Про каленое железо я совсем забыл, Юрий тоже. Мы смотрим выпученными глазами на Олю. Нам обоим досадно, что об этом вспомнила она, а не мы.

От мысли об этом ударе по лбу раскаленной печатью у меня тихо начинают ныть грудобрюшная преграда и ноги выше колен; и хочется есть.

Как всегда при мысли о физическом насилии, слепо, смело причиненном другому -- я кончиком сердца испытываю довольство и желание сделать то же,

-- Буква "К" -- тихо говорю я.

-- Почему? Да: Каторжник -- соглашается тоже тихо Юрий,

-- И Каторжник и Краснянский, -- совпадает.

-- Не всегда -- для чего-то авторитетно замечает Юрий.

-- А я собираю коллекцию жуков и буду знаменитым -- думаю я жестко и упрямо, нет, не думаю, а покрываю насильно этой мыслью все другие.

Я держу себя так, заранее оборонясь от каторжника. Потому что он меня не любит, презирает, смотрит свысока. Он знает, что я здесь в его отсутствии обокрал его, но против воли должен простить меня. Так как он каторжник, он должен делать вид, что великодушен, добр, и не имеет права быть злым, как бы ему ни хотелось этого. В глубине же души он, конечно, не любит всех нас -- важнюка.

Оля надевает белый передничек, как будто праздник. Я посмеиваюсь над ней и уж не могу переменить блузы, хотя только что хотел это сделать.

-- Тем хуже для него -- говорю я упрямо и остаюсь в старой блузе, у которой оторвавшийся наружный карман, вместо того, чтобы пришить, я когда-то приклеил столярным клеем.
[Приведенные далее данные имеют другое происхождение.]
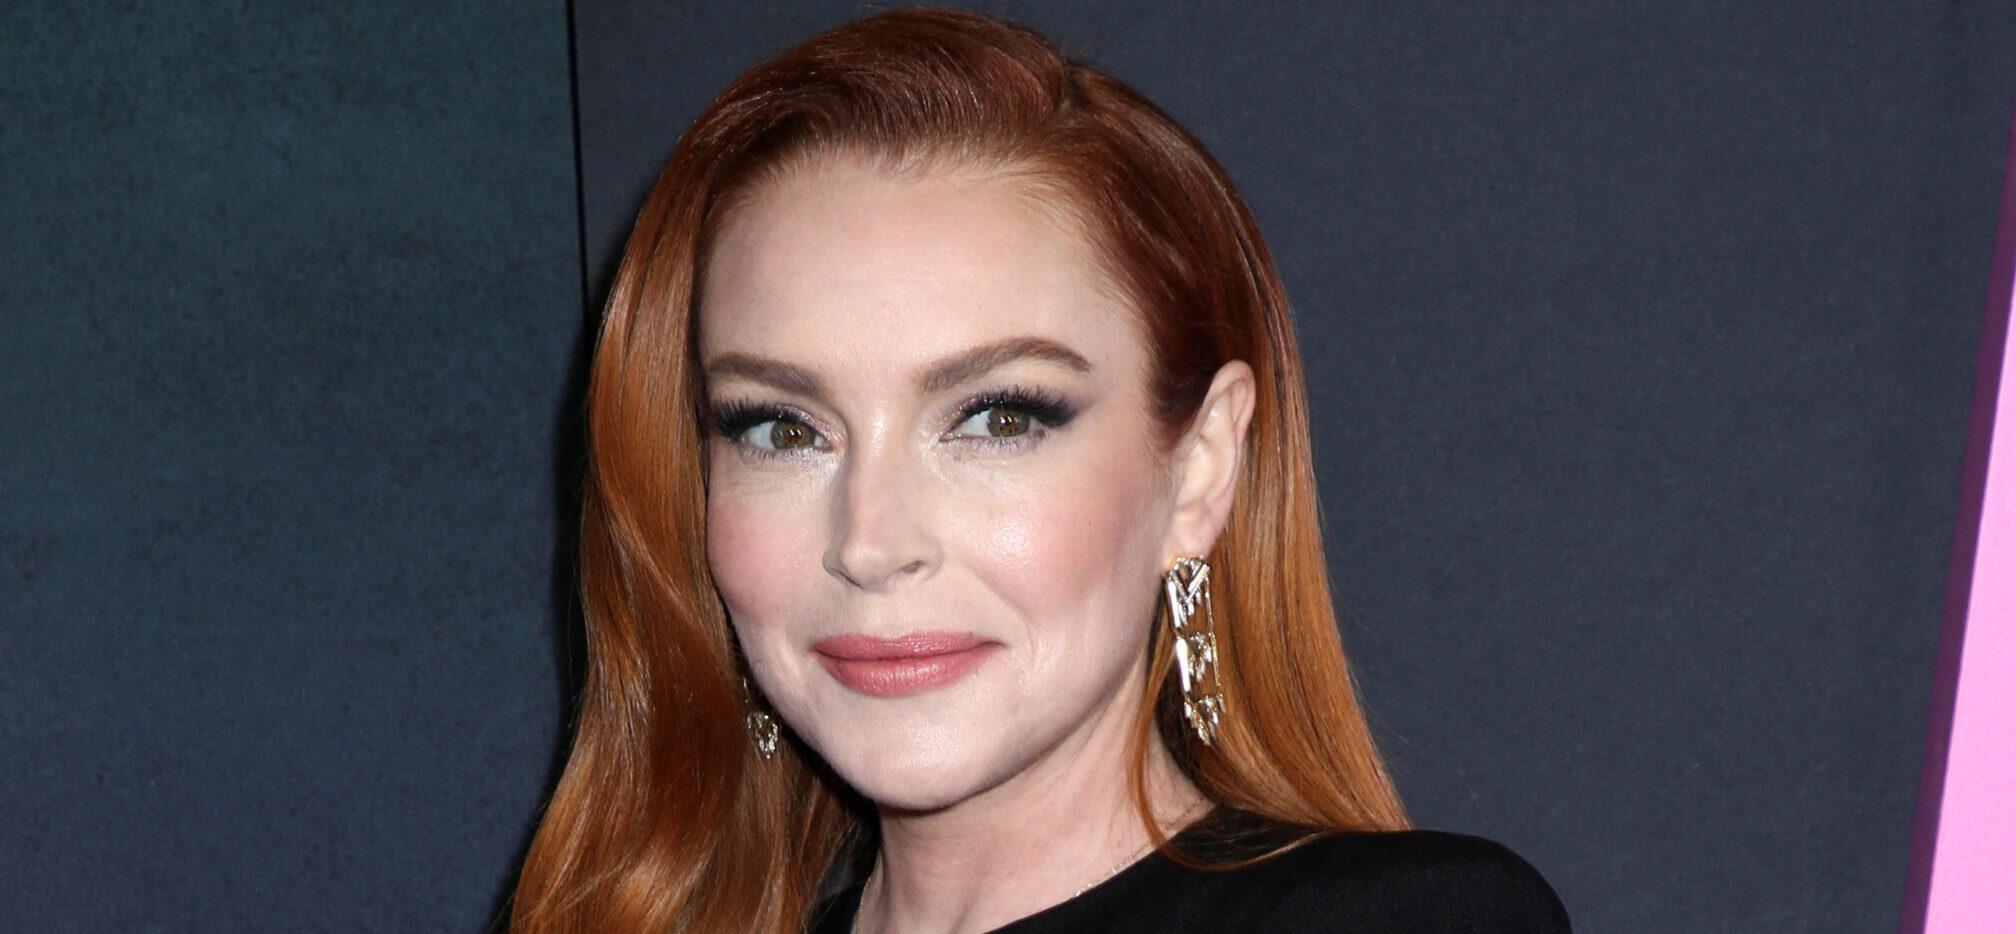 Lindsay Lohan Upset Over 'Mean Girls' Joke Referencing Her Body

Так как каторжник гордый, важный, втайне нам завидующий -- он, конечно, заставит себя ждать и придет поздно, чтобы всех нас помучить. Но вдруг он входит. Он ли? Высокий, с поднятыми плечами и ушедшими под лоб голубыми, очень серьезными глазами. Между широкими плечами и глазами связь; от того, что плечи угловаты, широки, подняты к затылку -- глаза ушли под лоб и строги; это как-то одно... У него светлая, не очень длинная борода, небольшие, негустые светлые волосы, строгие усы. Из-под отворотов черного ватного пальто виден невысокий белый воротник и черный галстук. Он останавливается в дверях и смотрит на нас -- на Юрия и Олю, я в стороне; мы тоже застыли, Оля покраснела; у нее с левой стороны лба спустилась прядь прямых приглаженных волос -- это некрасиво. Мне за нее стыдно перед ним. Я ее осуждаю с ним, и в ту же секунду мое чувство бросается назад, я уж с ней, сестрой, и мысленно даю ему отпор за его (=мою) осудительную мысль о ее некрасивых волосах.
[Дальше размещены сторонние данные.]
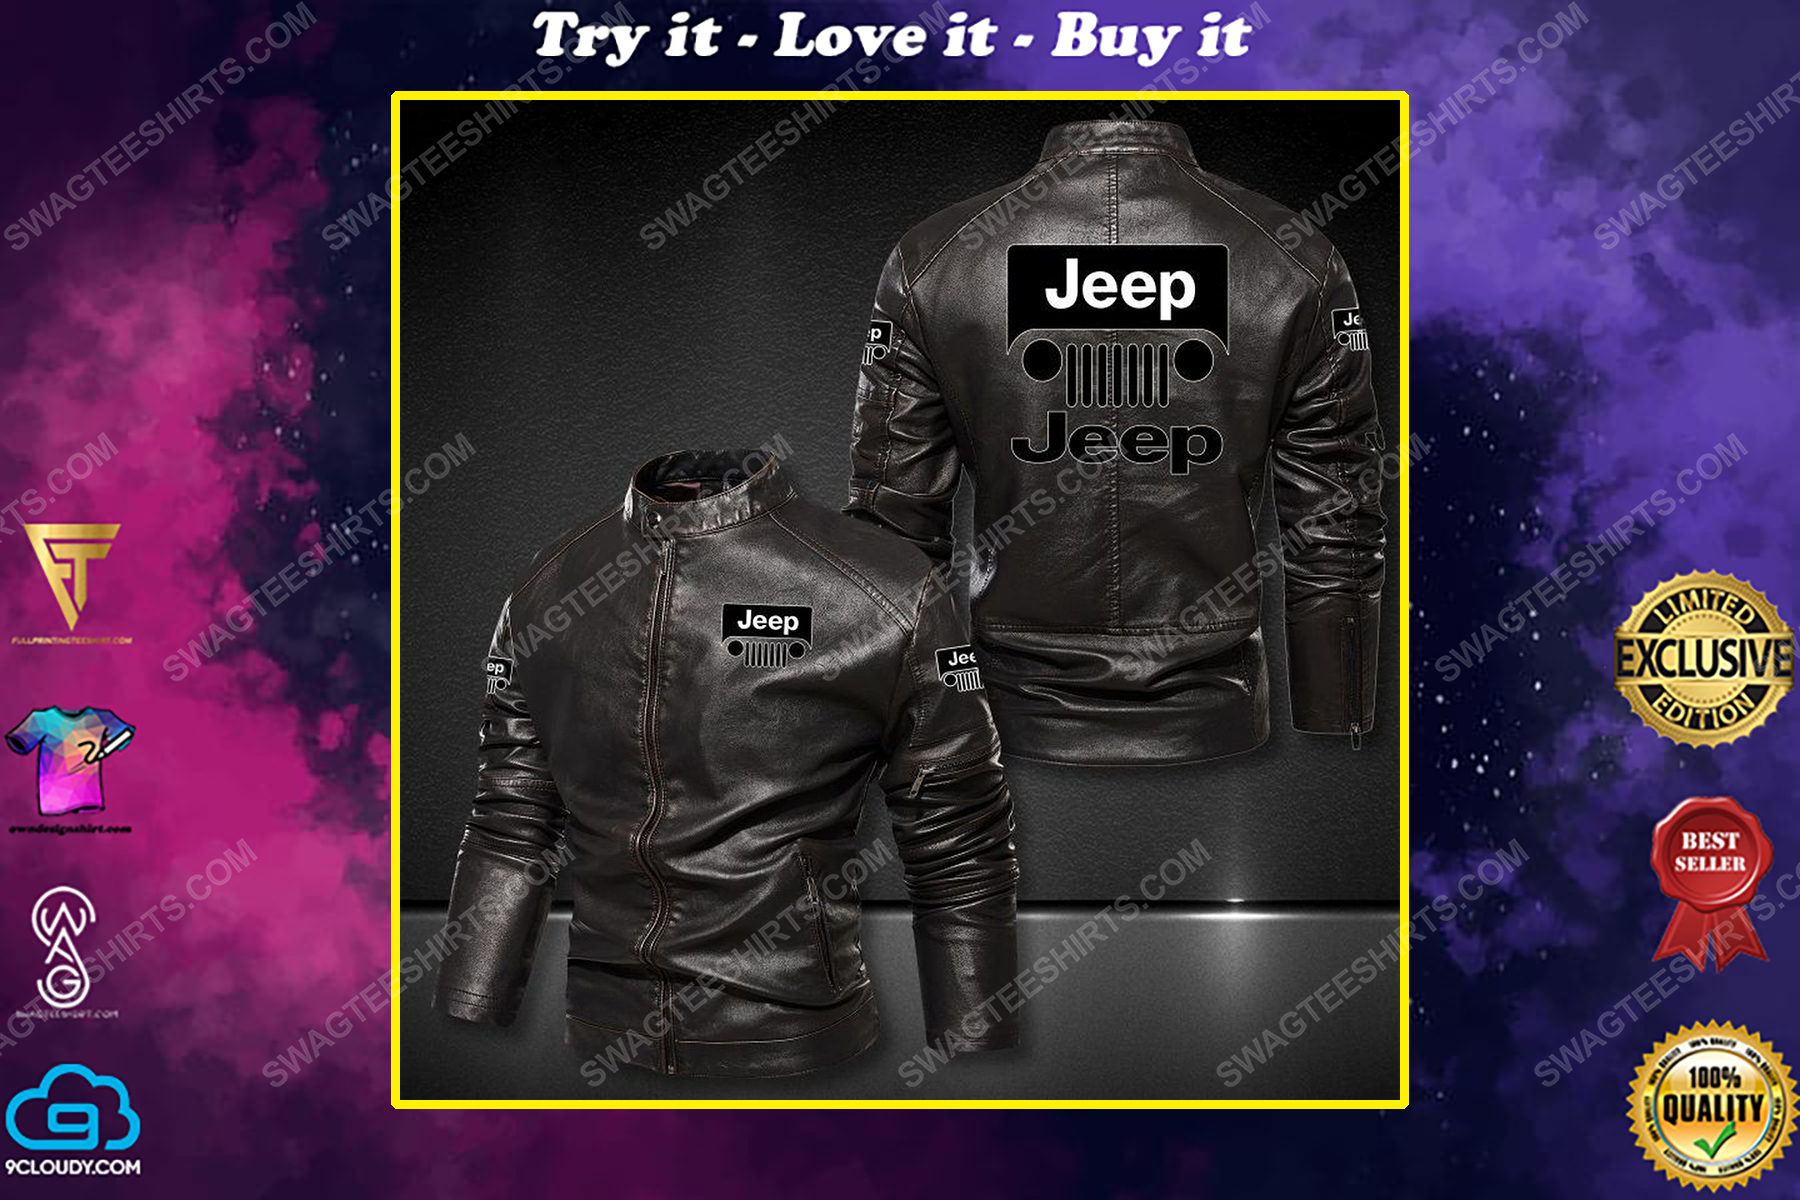 Jeep racing car leather jacket

Так мы стоим несколько секунд, отворяется дверь, на пороге гостиной показывается мать.

Она встречает его точно так же, как полтора года назад ночью прощалась с учителем: пожала его руку по-мужски, некрасиво, крепко, оттянув ее вниз. Она молчит и смотрит на него умными, прекрасными серьезными глазами.

Это было так похоже, что я почувствовал неправду, ложь; мне стало больно. Я не обвинял себя, что подсматриваю, но образ матери, который тогда ночью я видел гордым и величественным, тихо отплыл от меня. Я отдалился от нее -- мне было горько. Никогда я ей не скажу об этом, конечно... Мы отталкиваем людей, когда лжем перед собой.

Каторжник снял пальто, они прошли, мы остались.

-- Это он -- сказала Оля, поправляя прядь некрасивых волос.

Она одна не была разочарована. Но Юрий казался совсем озадаченным, маленький Вадим смотрел тупо, мне было остро-горько от мыслей о матери.

-- Потом додумаю -- бросил я и начал смеяться.

-- Вот так каторжник! -- хихикал я: -- каленое железо! Он и не думает вовсе.

Юрий посмотрел на меня; я почувствовал, что он сейчас осудит меня, перейдет на "его" сторону, и поспешил склонить его, не дать ему обдумать. Я стал у двери, держась за ручку так, как сейчас держался каторжник, втянул голову в плечи, нахмурил свои редкие брови и постарался придать лицу угрюмое выражение.

-- Я вставал каждый день в шесть часов утра. Мне было холодно. Я убил пять белых медведей -- басом проговорил я, думая, что подражаю голосу каторжника и исподлобья оглядывая Юрия.

Юрий засмеялся, Оля тоже.

-- Видели его пальто? Замерзнешь! -- и я показывал широкое, теплое на тяжелой вате пальто гостя.

Мы обступили пальто, осматривая особенно внимательно подкладку.

-- Волосы могли отрасти за это время -- попробовал заступиться Юрий.

-- Все равно было бы заметно, что одна половина больше -- ответил я: Может быть он вовсе и не катор...

Тут я ощутил, что от его ватного пальто исходит темный запах взрослых. С необыкновенной ясностью я вспомнил учителя, его голос и желтый крепкий обкуренный ноготь. Я не докончил фразы, почувствовав, что лгу.